大家マルちゃん その参
マルちゃんのアパートを借りて2か月半たった。相変わらず、たまにお昼ごはんを差し入れしてくれる。
マルちゃんちには数々の細かいハウスルールが存在する。
- キッチンやバスルーム、洗面台を使った後は、シンクやバスタブの中まですべて水しぶきを拭きとること
- 洗濯機は週に一度(それ以外は手洗い)。洗濯ものを入れたら、スイッチは必ずマルちゃんに押してもらうこと(自分で押すことは許されない)
- 洗濯ものを部屋干しするときは、ベッドルームに干してはいけない(寝る部屋に洗濯もの干すとかありえなーい、という理由らしい)
- 夜は必ずブラインドを下ろすこと
- 冷蔵庫のポケット部分には、1.5Lペットボトルで水が3分の1くらいになるまでは入れてはいけない(重みで扉が下がるから、らしい)
そのほかにも細かいのがまだまだあるんですが、まあ主なのはこんな感じ。洗濯ものの干し方についても指導を受けたことがある。
ちょっとでも違うことすると即座に教育的指導が入る。正直、私がかなりおおざっぱな性格なので、逆に守れている気がする(何言われてもあんまり気にしないから)。さすがに毎日ではなくなったとはいえ、未だにときどき教育的指導は受ける。でも、なんだかマルちゃんは私のことが結構好きみたいだ。
マルちゃんは1日に何度も私が借りているアパートにやってくるので、毎日顔を合わせる。1か月を過ぎたくらいのころから、明らかに表情が優しくなった。結局、私のイタリア語はまーーったく上達しなかったので、あまりまともな会話はできないけれど、「今日はどこ行くの」とか「何してたの」とかくらいなら、なんとなく話は通じる。
いろいろ、私の私物の世話もやいてくれる。ちょっとほっといてほしいけど、そうはいかない(笑)。くだものかごのメロンがいつのまにか冷蔵庫に入れられていたり、洗濯ものを干しっぱなしで外出していると、全部とりこまれていたり。この間は、黒っぽい私の下着を見て、「私は白い下着しか身に着けないよ」と、突然びろーんと自分のスカートをめくって、白いデカパンを見せてくれた。なんというか、お茶目だ。

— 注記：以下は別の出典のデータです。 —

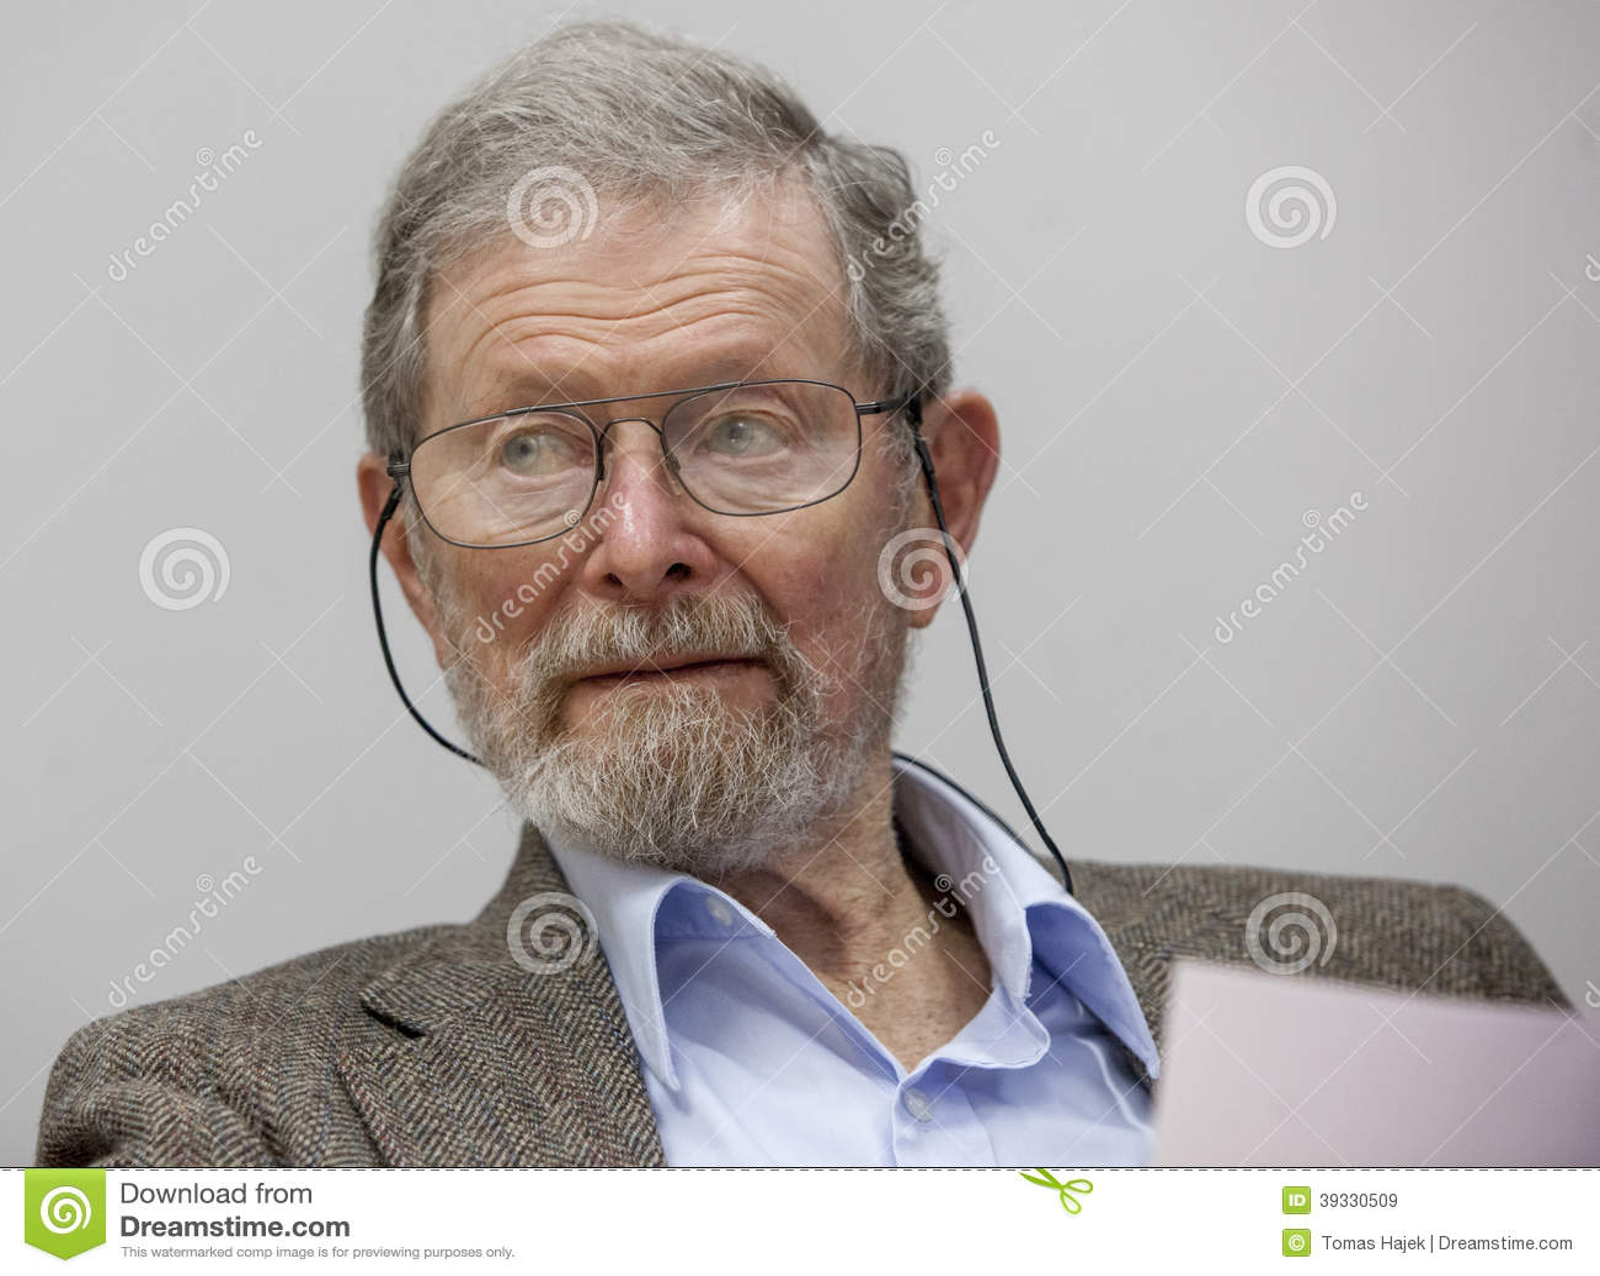 Nobel laureate professor Dr. George E. Smith

ベランダに出ればお隣さんと長々とおしゃべり。イタリア人てほんとしゃべり好き。街を歩いていても、みんな電話でしゃべりながら歩いている。日本ではスマホはほぼ電話としては使われていないけど、イタリアではちゃんと電話だ。
ここにいられるのもあと1週間。ハウスルールはしちめんどくさいけど結構なれたし、なんといっても周囲の環境がとても気に入っているので、できればそのうちまた来たいなあ。マルちゃんも「戻って来てもいいよ」と言ってくれている。「あんたは家をちゃんときれいに使っているから」と(そりゃ言われたとおりやってるからね)。

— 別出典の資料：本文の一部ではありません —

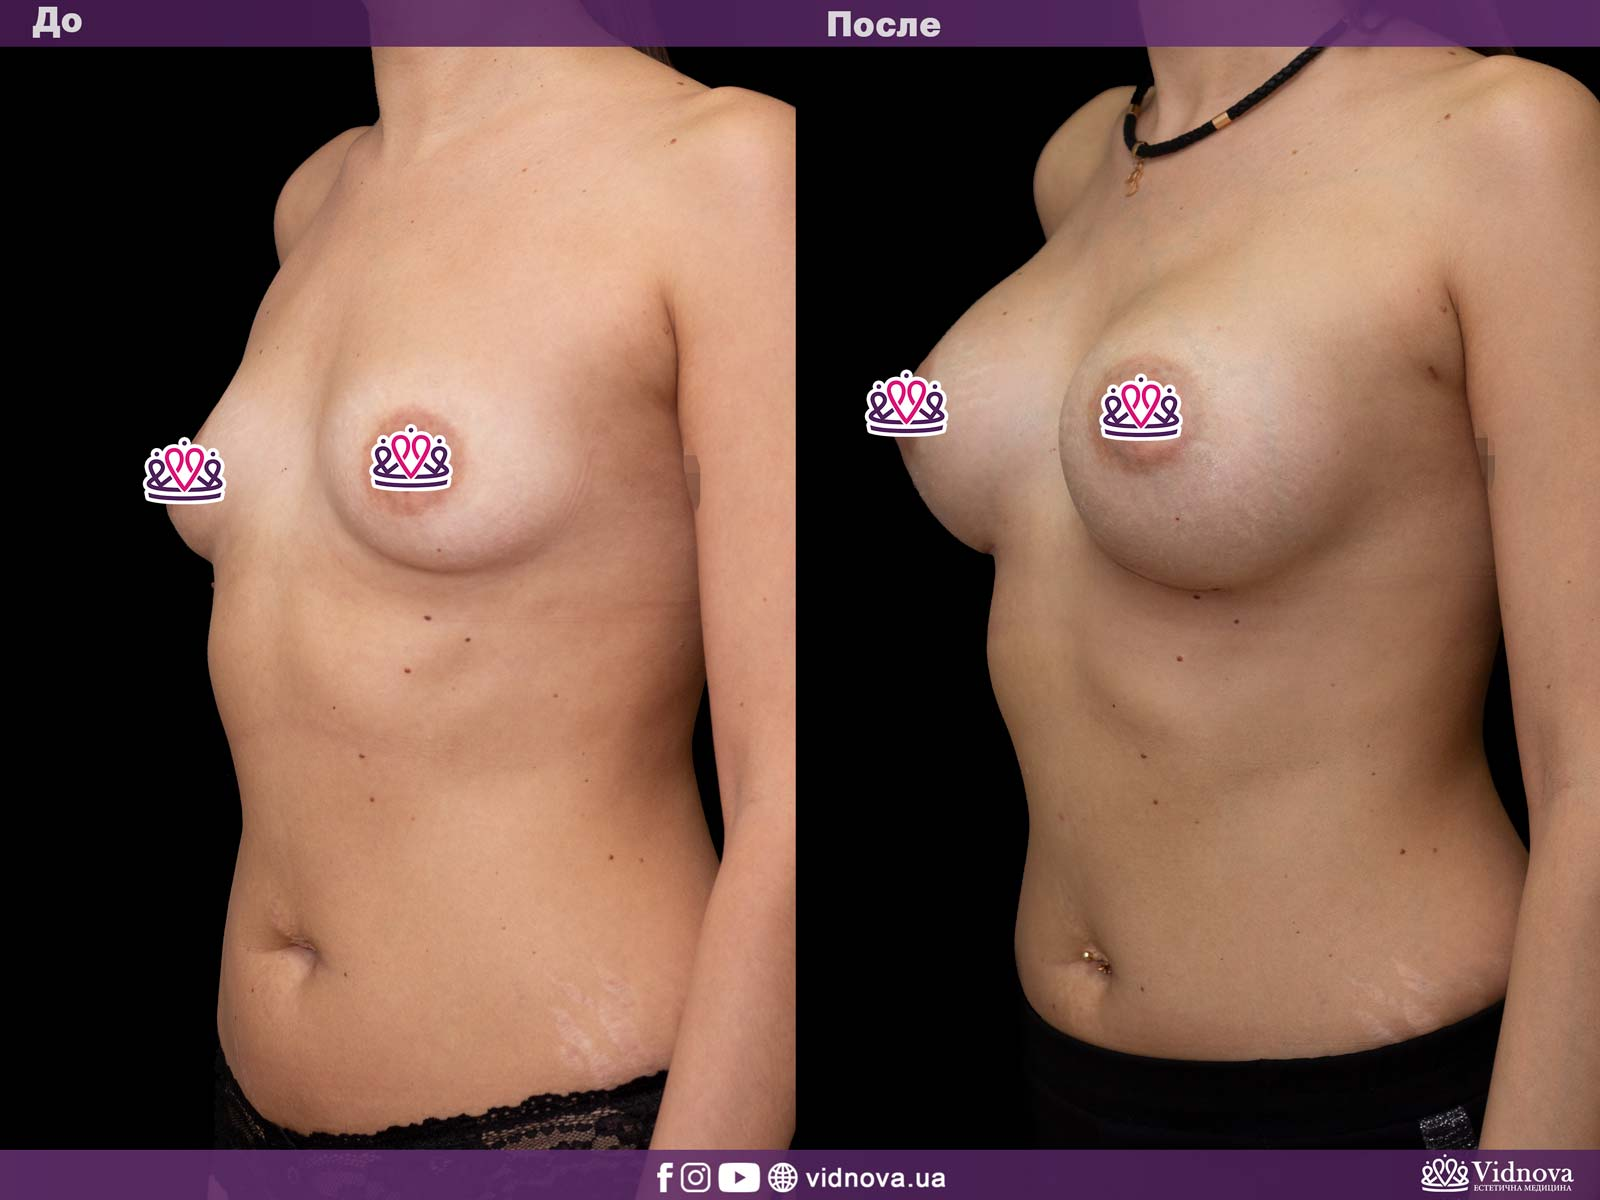 Увеличение груди: Фото ДО и ПОСЛЕ - Пример №13-2 - Клиника Vidnova

イタリア語が全然上達しなかった言い訳ってわけではないけど、ことばがあんまり通じないコミュニケーションも、それはそれでなんだかおもしろい(でも戻ってくるなら、インターネットなんて無縁のマルちゃんには日本から電話しないといけないから、やっぱイタリア語どうにかしなきゃー)。
つやっつやに元気なマルちゃんのバジルと、しおしおの私のバジル。なんなのこの差。